Time travel is a phenomenon that has always been presented in movies. Movies like the terminator, Star Trek, Back to the Future, and so many more. It’s always been a non-fiction concept, but now scientists are predicting it may not be science fiction after all. Its predicted if we could go faster than the speed of light, we can possibly time travel. One way we could time travel is using wormholes. We would have to manipulate the openings to be able to time travel. The idea would be that we would have to get one opening of a wormhole going close to the speed of light. The other opening would be just be the normal opening. But because one is going faster than the other, not only would we get from Point A to Point B we could end up from one moment into another meaning the past. If we wanted to get back into the present, we would have to enter the wormhole from Point B to get to Point A again. But it’s said that travelling to the past is extremely difficult but not impossible compared to travelling in the future. Why? Well because then paradoxes can happen. Let’s take the wormhole again as an example. Let’s also use Stephen Hawking’s the ‘mad scientist paradox.”

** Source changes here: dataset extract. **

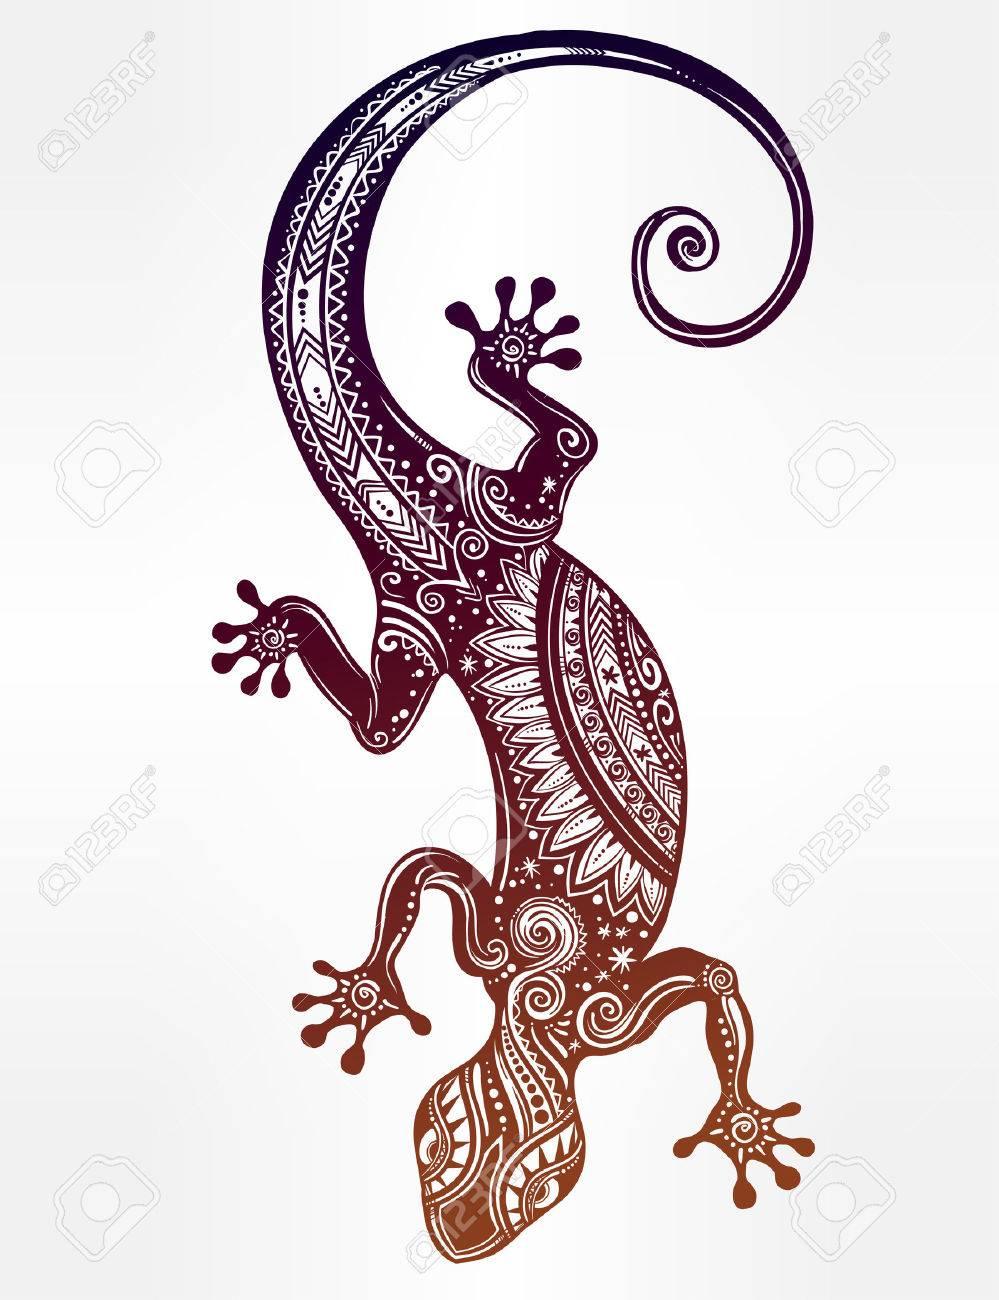 Aufwändige Gecko Eidechse In In Tattoo-Stil. Isolierte Vektor ...

The paradox starts with a scientist who has created a wormhole that could go 1 minute back in time. He decides he is going to shoot himself through the worm hole. He can see himself one minute in the past. The paradox then goes to say ‘He’s now dead. So who fired the shot?” It goes on to explain how the scientist will never find him self in this kind of situation. The reason being is because of the wormhole. It would collapse before anything got across it. This would happen because of feedback. Just like in a concert, when the artist is singing sound goes into the microphone, it proceeds through the wires and into the amplifier and finally comes out through the speakers. If there is too much sound the from the speaker going back into the microphone, it will end up in a loop, the sound will get louder which will eventually break the speaker. The same thing could be said for the wormhole. But instead of sound it will be radiation. Because of the wormholes gravity it will attract natural radiation into itself. This will continue into a loop which will destroy the wormhole. Another paradox is called the grandfather paradox. In this paradox you would go back in time, kill your grandfather and then you aren’t born. But if you’re never born then how can you go back to kill your grandfather. This is a paradox. There are ‘solutions” for this paradox, when you go back into the past, you don’t travel to your past but a parallel past. But a paradox like this and the mad scientist paradox is why many believe that travelling back in time will never be possible.

Traveling to the future is a different story. It is already believed that we can travel to the future, of course if we had the technology. Thanks to Time Dilation this may be possible. Time Dilation means the faster you move through space, the slower you move through time. Its theorized that if someone traveled away from earth at light speed, his or her time would be moving at a slower rate, but on earth time would still move at the same rate of speed. So once the person returned to earth then he would of technically traveled into the future because for him time moved slow.